Previous work reported that the relationship between GABA+ and Glx is moderated by the concentration of other neurochemicals (Rideaux, 2021; Steel et al., 2020). We found no significant change in the relationship between GABA+ and Glu after controlling for tCr (z179=0.13, p=.899), tNAA (z179=0.20, p=.841), or tCho (z177=0.14, p=.887). Similarly, we found no difference in the relationship between GABA+ and Glu after controlling for the concentration of water (z178=0.12, p=.903).

Regional specificity.

To test the regional specificity of these results, we ran the same analyses on a dataset collected from the same participants from a voxel targeting occipital cortex (Fig. 2). We had not planned to include this dataset in the current study, because the voxel location was approximately midway between those used by Steel et al. (2020) and Rideaux (2021), who found evidence for and against a relationship between GABA+ and Glx, respectively, and thus we considered the data were unlikely to be diagnostic in relation to the original study aims. However, considering the results found for data collected from prefrontal cortex – namely, no relationship between GABA+ and Glx but a significant relationship between GABA+ and Glu – we reasoned that repeating the same analyses on a dataset collected from a different cortical region would provide a test of the regional specificity of the findings.

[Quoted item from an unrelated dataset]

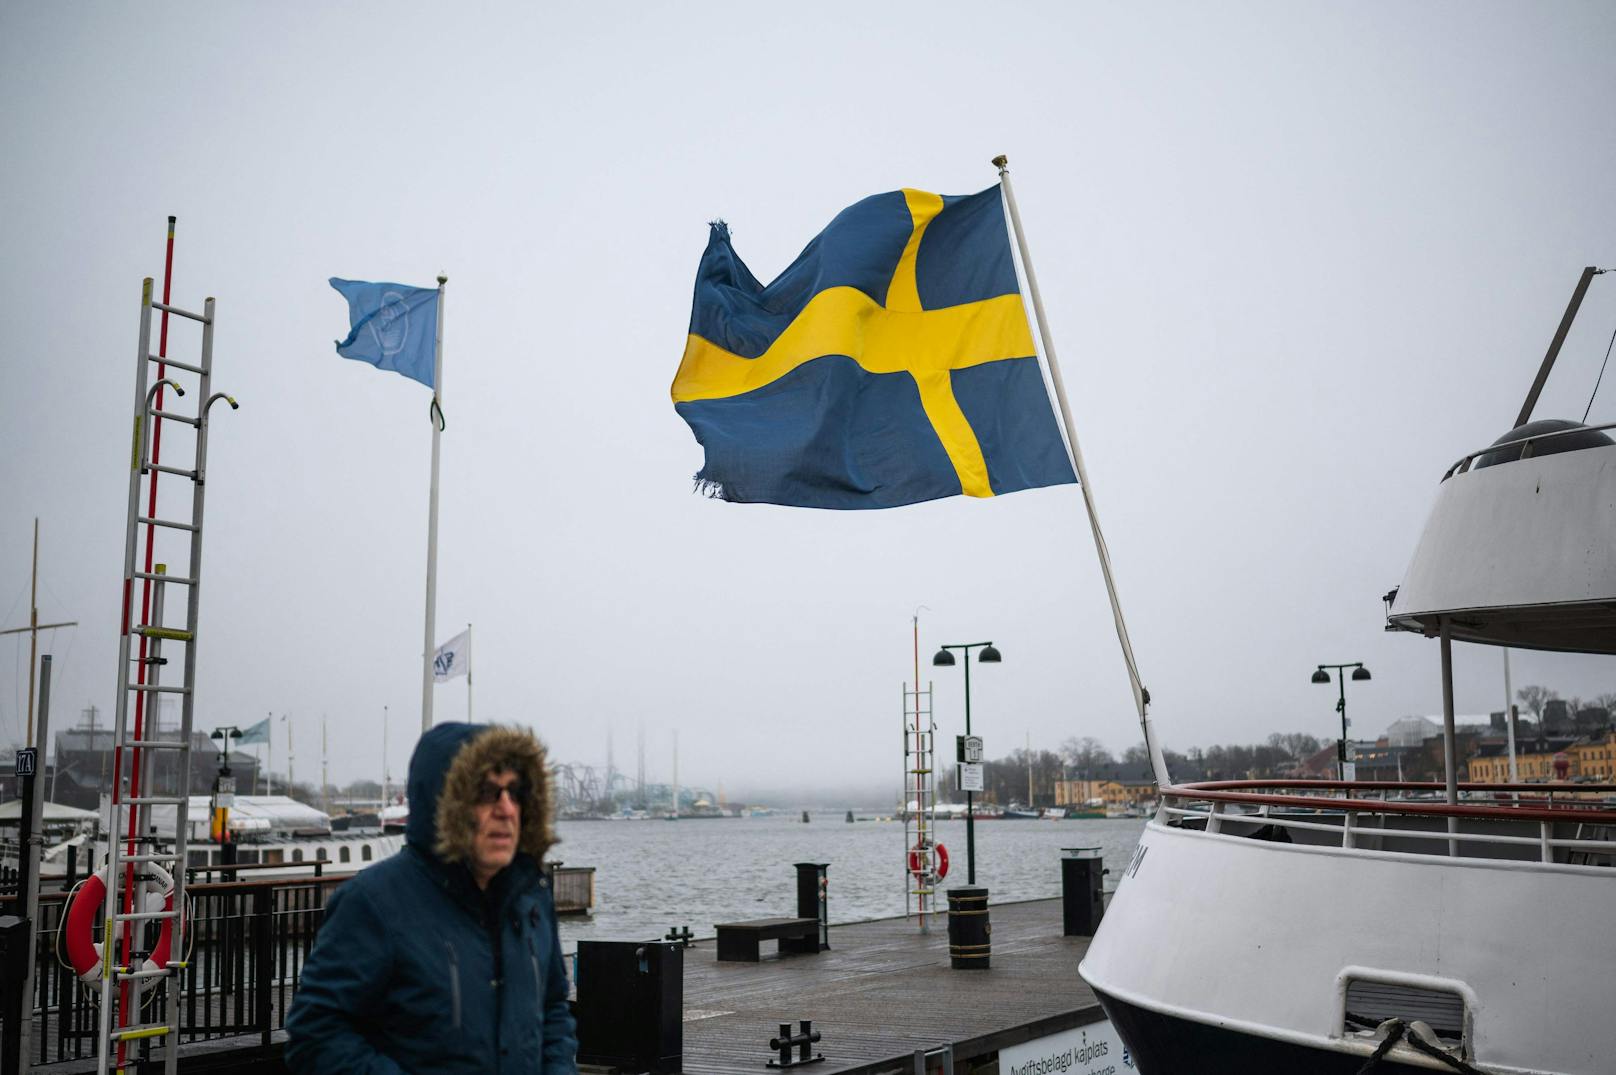 "Angriff auf Schweden kann nicht ausgeschlossen werden"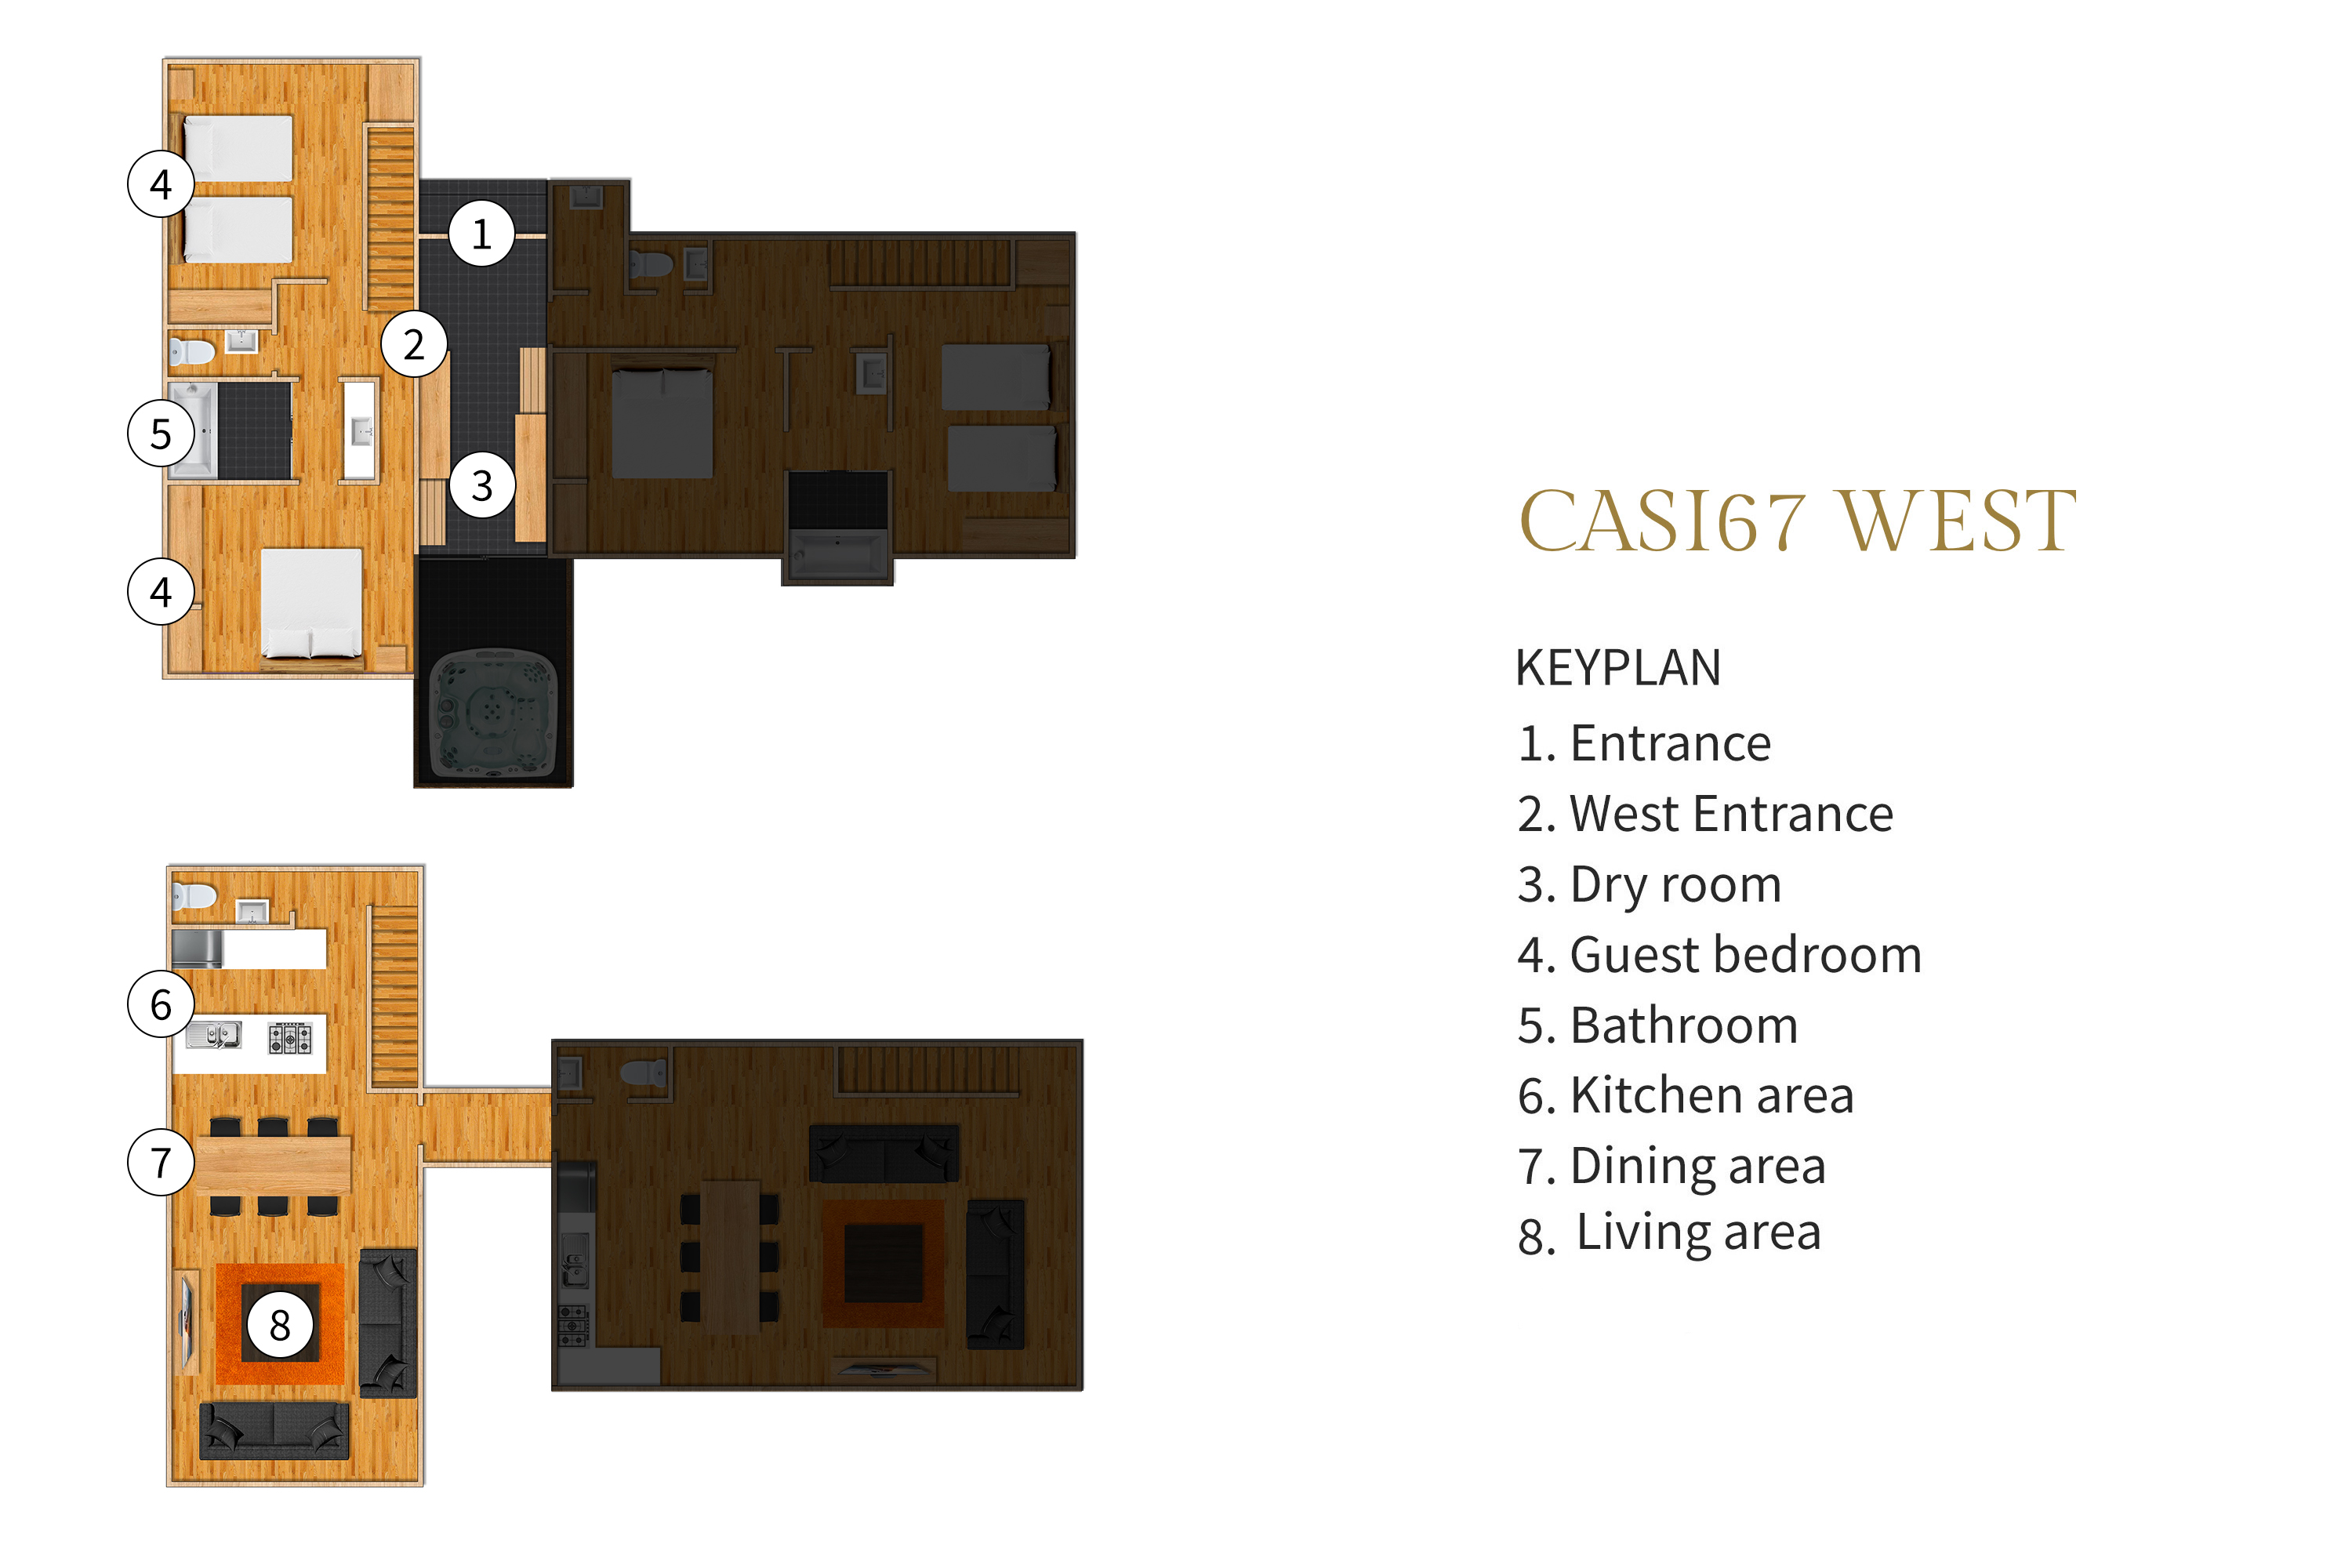 Casi67 West - Floorplan<br />

In contrast to the results from prefrontal cortex, in occipital cortex we found extreme evidence for a positive relationship between both GABA+ and Glx (r183=.48, BF+0=3.50e9; Fig. 4a), and GABA+ and Glu (r176=.79, BF+0=4.83e36; Fig. 4b); however, the strength of the relationship between GABA+ and Glu was significantly stronger than that with Glx (z176=5.26, p=1.46e−7). We found stronger evidence for a positive correlation between GABA+ and Glu in occipital than prefrontal cortices (z174=5.75, p=8.68e−9). This may be due to a difference in the strength of the coupling between these neurometabolites in prefrontal and occipital regions; however, it may also be due to reduced signal quality in the data from prefrontal cortex, e.g., due to differences in voxel location relative to the receiver coils. Consistent with this, we found that NAA linewidth was broader (t192=5.93, p=1.39e−8) and GABA+ fit error was higher for the prefrontal than the occipital cortex data (t192=7.72, p=3.77e−12).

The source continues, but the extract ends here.